One tactic cities use to stall new homes is zoning for large lots, like one acre. This forces larger houses and higher prices. In the past, many individual homes would be only 1/6 of an acre. Rybczynski states,

Smaller houses on smaller lots are the logical solution to the problem of affordability, yet density--and less affluent neighbors--are precisely what most communities fear most.

I would love to see a return to smaller houses. One advantage of not having a lot of space is people will consume less if they know there isn't so much space to hold their new purchases.

Follow-up from Mankiw's blog: Assar Lindbeck once called rent control "the best way to destroy a city, other than bombing." Rent control is another regulation that discourages new real estate development by providing an incentive for renters not to move. At the same time, it discourages new developers from investing in new buildings because the owners will be unable to charge higher market prices.
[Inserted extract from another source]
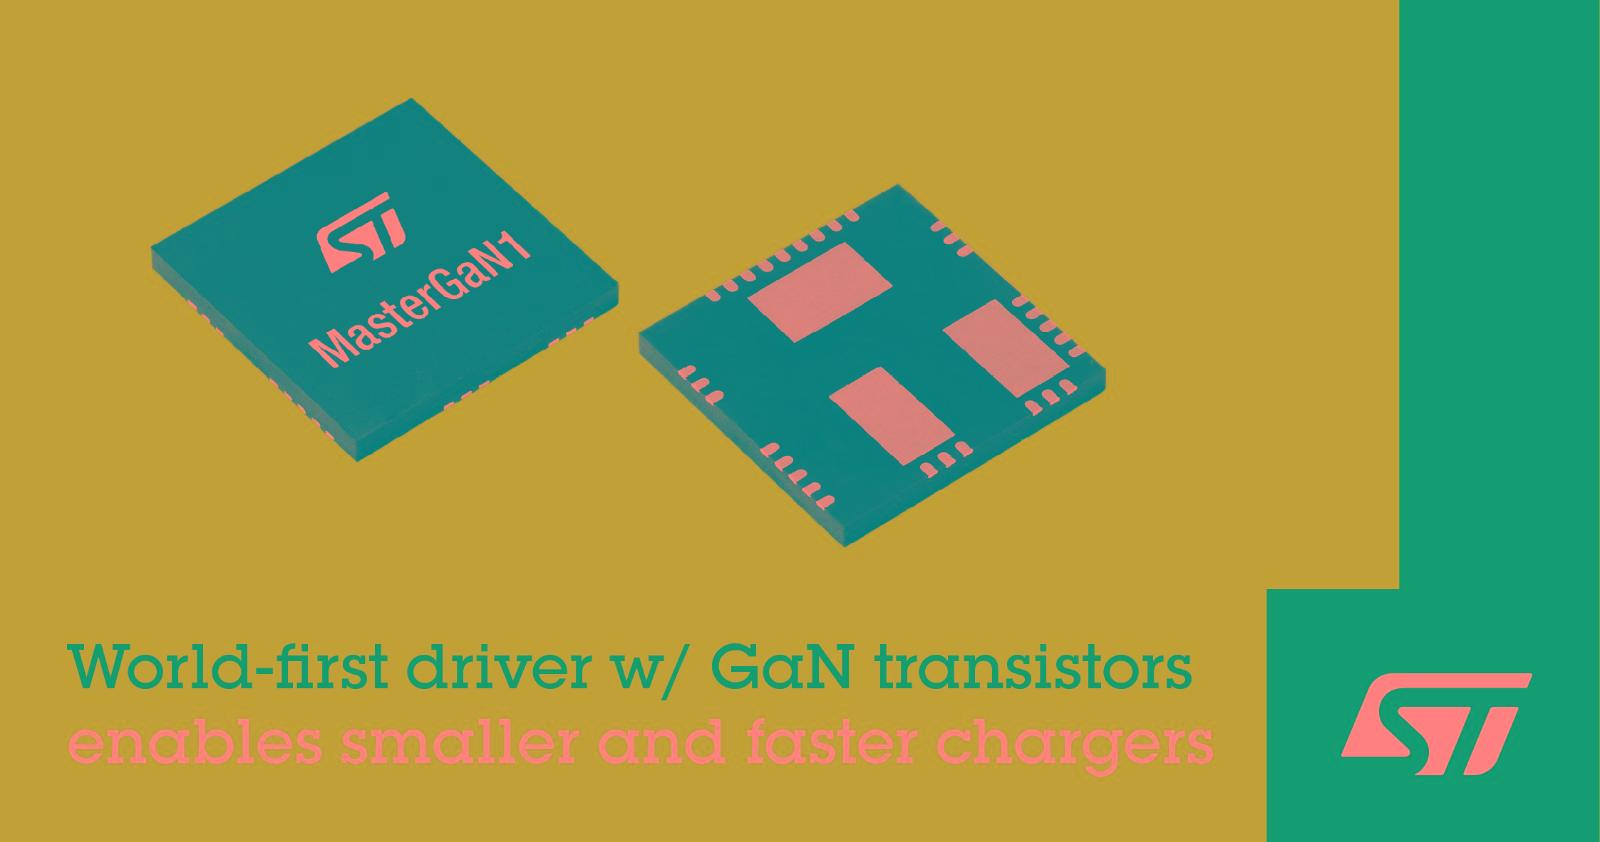 ST新闻稿2020年10月10日——意法半导体推出世界首款驱动与GaN集成产品开创更小、更快充电器电源时代_clean2.jpg

I am conflicted about rent control, because there must be some cap on rent increases that will satisfy both renters and developers. Leaving renters to the pure whims of landlords doesn't seem ideal. Of course, in trying to establish an ideal cap on rent increases, we could end up with the problem of the cap actually inflating rents. For instance, if we enact a 5% annual cap, all landlords will probably raise the rent 5% a year when they might have kept the rent unchanged without the law.